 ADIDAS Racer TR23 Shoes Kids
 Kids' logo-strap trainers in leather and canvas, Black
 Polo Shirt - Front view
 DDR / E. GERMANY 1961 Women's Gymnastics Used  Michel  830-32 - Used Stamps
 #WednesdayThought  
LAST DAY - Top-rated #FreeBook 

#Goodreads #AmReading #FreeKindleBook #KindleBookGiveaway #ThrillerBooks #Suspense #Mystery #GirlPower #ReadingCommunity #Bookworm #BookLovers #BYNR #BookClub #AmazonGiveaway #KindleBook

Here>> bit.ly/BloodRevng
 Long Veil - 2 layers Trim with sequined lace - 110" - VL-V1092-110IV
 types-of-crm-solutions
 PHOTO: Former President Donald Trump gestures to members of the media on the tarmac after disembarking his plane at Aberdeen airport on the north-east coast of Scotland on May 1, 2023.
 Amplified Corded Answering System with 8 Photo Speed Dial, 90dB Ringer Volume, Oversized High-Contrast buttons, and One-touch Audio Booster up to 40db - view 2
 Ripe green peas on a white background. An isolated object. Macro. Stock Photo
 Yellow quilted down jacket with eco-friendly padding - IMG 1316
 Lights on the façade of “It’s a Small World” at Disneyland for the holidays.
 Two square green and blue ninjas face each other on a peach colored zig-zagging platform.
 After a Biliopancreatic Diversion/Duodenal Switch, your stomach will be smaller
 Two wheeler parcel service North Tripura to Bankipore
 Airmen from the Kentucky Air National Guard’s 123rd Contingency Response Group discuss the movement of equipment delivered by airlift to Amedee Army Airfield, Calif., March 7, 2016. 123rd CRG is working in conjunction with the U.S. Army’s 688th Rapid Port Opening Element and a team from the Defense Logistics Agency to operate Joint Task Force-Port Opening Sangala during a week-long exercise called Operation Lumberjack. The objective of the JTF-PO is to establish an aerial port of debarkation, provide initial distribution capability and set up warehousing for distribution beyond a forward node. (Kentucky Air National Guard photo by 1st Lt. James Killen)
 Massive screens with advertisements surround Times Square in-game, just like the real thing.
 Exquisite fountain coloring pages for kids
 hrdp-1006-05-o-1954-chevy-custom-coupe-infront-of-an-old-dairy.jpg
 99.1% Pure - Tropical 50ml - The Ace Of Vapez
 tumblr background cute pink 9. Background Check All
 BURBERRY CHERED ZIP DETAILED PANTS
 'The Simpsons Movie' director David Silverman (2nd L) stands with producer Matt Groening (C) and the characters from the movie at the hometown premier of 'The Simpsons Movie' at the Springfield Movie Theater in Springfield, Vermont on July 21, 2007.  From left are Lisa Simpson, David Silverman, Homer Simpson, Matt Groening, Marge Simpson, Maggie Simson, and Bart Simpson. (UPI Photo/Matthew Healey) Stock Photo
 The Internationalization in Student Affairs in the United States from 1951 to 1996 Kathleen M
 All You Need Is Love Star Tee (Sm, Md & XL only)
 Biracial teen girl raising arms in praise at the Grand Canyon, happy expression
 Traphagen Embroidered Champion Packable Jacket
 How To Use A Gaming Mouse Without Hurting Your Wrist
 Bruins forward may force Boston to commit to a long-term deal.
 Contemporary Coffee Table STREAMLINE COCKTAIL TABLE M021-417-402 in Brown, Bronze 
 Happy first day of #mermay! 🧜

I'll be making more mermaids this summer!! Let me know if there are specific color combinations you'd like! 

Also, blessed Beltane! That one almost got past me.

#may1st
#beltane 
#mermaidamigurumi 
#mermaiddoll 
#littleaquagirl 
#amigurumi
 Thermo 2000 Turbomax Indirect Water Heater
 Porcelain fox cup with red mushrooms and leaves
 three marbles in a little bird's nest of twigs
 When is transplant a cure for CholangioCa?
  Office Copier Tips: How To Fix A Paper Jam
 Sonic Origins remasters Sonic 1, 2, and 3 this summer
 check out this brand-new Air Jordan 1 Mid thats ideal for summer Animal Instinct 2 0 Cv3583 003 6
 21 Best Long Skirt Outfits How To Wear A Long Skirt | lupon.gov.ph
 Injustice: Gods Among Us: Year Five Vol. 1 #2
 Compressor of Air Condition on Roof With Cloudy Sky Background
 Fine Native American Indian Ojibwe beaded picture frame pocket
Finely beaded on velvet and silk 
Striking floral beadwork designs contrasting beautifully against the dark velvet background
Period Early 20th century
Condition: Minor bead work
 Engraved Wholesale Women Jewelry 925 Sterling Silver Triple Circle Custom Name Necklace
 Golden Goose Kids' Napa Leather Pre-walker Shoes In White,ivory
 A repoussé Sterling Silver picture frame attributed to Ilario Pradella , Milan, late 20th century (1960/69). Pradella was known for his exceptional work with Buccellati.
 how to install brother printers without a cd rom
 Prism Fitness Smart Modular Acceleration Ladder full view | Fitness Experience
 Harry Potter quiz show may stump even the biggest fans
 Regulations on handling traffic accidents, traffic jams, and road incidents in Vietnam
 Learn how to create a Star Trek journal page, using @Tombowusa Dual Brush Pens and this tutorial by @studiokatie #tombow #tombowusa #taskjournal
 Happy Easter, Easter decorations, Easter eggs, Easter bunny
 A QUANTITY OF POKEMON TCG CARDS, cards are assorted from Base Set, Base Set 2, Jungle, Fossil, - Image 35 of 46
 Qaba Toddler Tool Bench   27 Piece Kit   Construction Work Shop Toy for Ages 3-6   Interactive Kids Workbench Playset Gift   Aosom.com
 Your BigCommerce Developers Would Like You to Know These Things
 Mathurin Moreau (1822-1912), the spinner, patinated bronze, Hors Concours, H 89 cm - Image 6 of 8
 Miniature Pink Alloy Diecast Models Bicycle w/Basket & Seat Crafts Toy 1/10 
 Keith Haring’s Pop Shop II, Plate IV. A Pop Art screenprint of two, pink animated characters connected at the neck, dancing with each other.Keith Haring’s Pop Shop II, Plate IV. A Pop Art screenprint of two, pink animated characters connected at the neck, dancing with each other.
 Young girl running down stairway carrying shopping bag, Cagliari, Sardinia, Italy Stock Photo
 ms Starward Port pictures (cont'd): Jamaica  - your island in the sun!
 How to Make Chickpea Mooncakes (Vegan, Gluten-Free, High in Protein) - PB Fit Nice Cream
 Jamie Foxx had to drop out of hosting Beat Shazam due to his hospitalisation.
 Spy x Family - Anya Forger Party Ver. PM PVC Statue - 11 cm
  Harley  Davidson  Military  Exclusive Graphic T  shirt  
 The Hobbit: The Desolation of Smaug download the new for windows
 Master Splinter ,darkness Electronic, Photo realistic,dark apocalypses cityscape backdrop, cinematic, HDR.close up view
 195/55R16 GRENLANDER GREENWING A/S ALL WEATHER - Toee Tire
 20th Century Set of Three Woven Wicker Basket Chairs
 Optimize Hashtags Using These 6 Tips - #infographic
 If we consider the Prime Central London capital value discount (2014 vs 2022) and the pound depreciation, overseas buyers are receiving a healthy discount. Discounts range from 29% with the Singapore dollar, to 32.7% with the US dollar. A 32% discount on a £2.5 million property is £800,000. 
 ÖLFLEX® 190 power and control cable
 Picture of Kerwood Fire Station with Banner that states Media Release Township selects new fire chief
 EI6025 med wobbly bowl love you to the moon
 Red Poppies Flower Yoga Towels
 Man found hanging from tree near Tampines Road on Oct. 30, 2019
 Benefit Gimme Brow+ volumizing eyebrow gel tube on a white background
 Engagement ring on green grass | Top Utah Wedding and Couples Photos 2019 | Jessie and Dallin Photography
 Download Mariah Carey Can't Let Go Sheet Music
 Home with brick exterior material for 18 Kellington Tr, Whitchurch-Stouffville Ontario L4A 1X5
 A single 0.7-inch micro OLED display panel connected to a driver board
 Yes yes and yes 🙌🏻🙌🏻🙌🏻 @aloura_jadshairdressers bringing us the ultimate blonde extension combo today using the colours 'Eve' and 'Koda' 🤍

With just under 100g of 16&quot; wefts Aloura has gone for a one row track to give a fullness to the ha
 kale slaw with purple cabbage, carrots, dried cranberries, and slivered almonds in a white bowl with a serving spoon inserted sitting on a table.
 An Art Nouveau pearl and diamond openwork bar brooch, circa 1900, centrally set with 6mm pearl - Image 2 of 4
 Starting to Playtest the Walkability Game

Work order ▸ Once you find the line with "PHOTO: Former President" in the entries above, output it and each line after it up to and including the line with "Two wheeler parcel", and nothing else.

Response for this exercise ▸
 PHOTO: Former President Donald Trump gestures to members of the media on the tarmac after disembarking his plane at Aberdeen airport on the north-east coast of Scotland on May 1, 2023.
 Amplified Corded Answering System with 8 Photo Speed Dial, 90dB Ringer Volume, Oversized High-Contrast buttons, and One-touch Audio Booster up to 40db - view 2
 Ripe green peas on a white background. An isolated object. Macro. Stock Photo
 Yellow quilted down jacket with eco-friendly padding - IMG 1316
 Lights on the façade of “It’s a Small World” at Disneyland for the holidays.
 Two square green and blue ninjas face each other on a peach colored zig-zagging platform.
 After a Biliopancreatic Diversion/Duodenal Switch, your stomach will be smaller
 Two wheeler parcel service North Tripura to Bankipore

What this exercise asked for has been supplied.